* _WORK INSTRUCTIONS_
Repeat only the lines below from the one containing "Finca La Estacada" through the one containing "Penang Design Village Outlet Mall", inclusive, exactly as written.

* _AVAILABLE DATA_
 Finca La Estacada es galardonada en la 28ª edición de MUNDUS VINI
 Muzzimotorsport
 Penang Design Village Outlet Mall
---
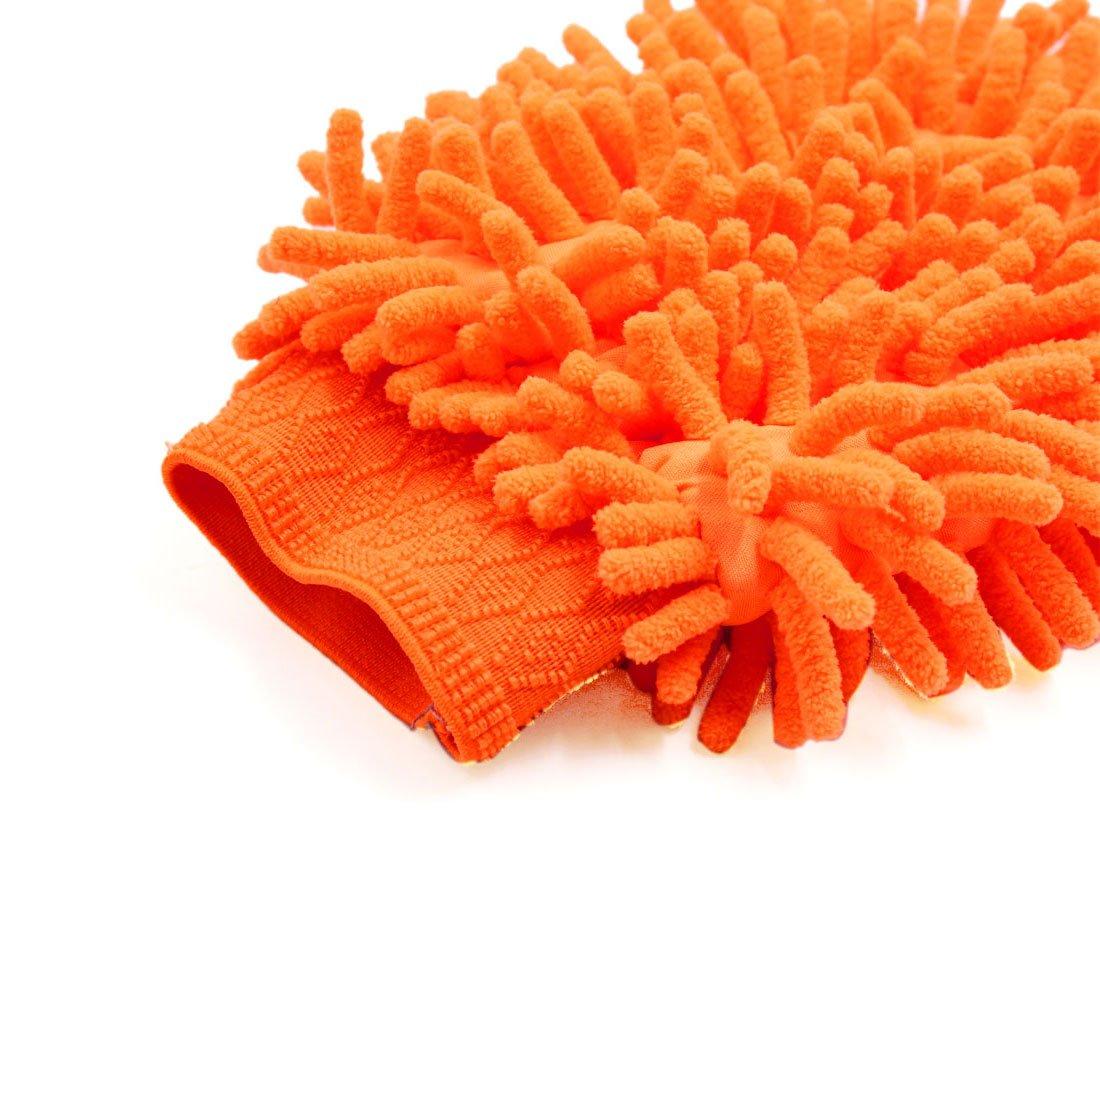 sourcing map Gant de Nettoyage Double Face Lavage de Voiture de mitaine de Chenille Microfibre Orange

* _ANSWER FOR THIS EXERCISE_
 Finca La Estacada es galardonada en la 28ª edición de MUNDUS VINI
 Muzzimotorsport
 Penang Design Village Outlet Mall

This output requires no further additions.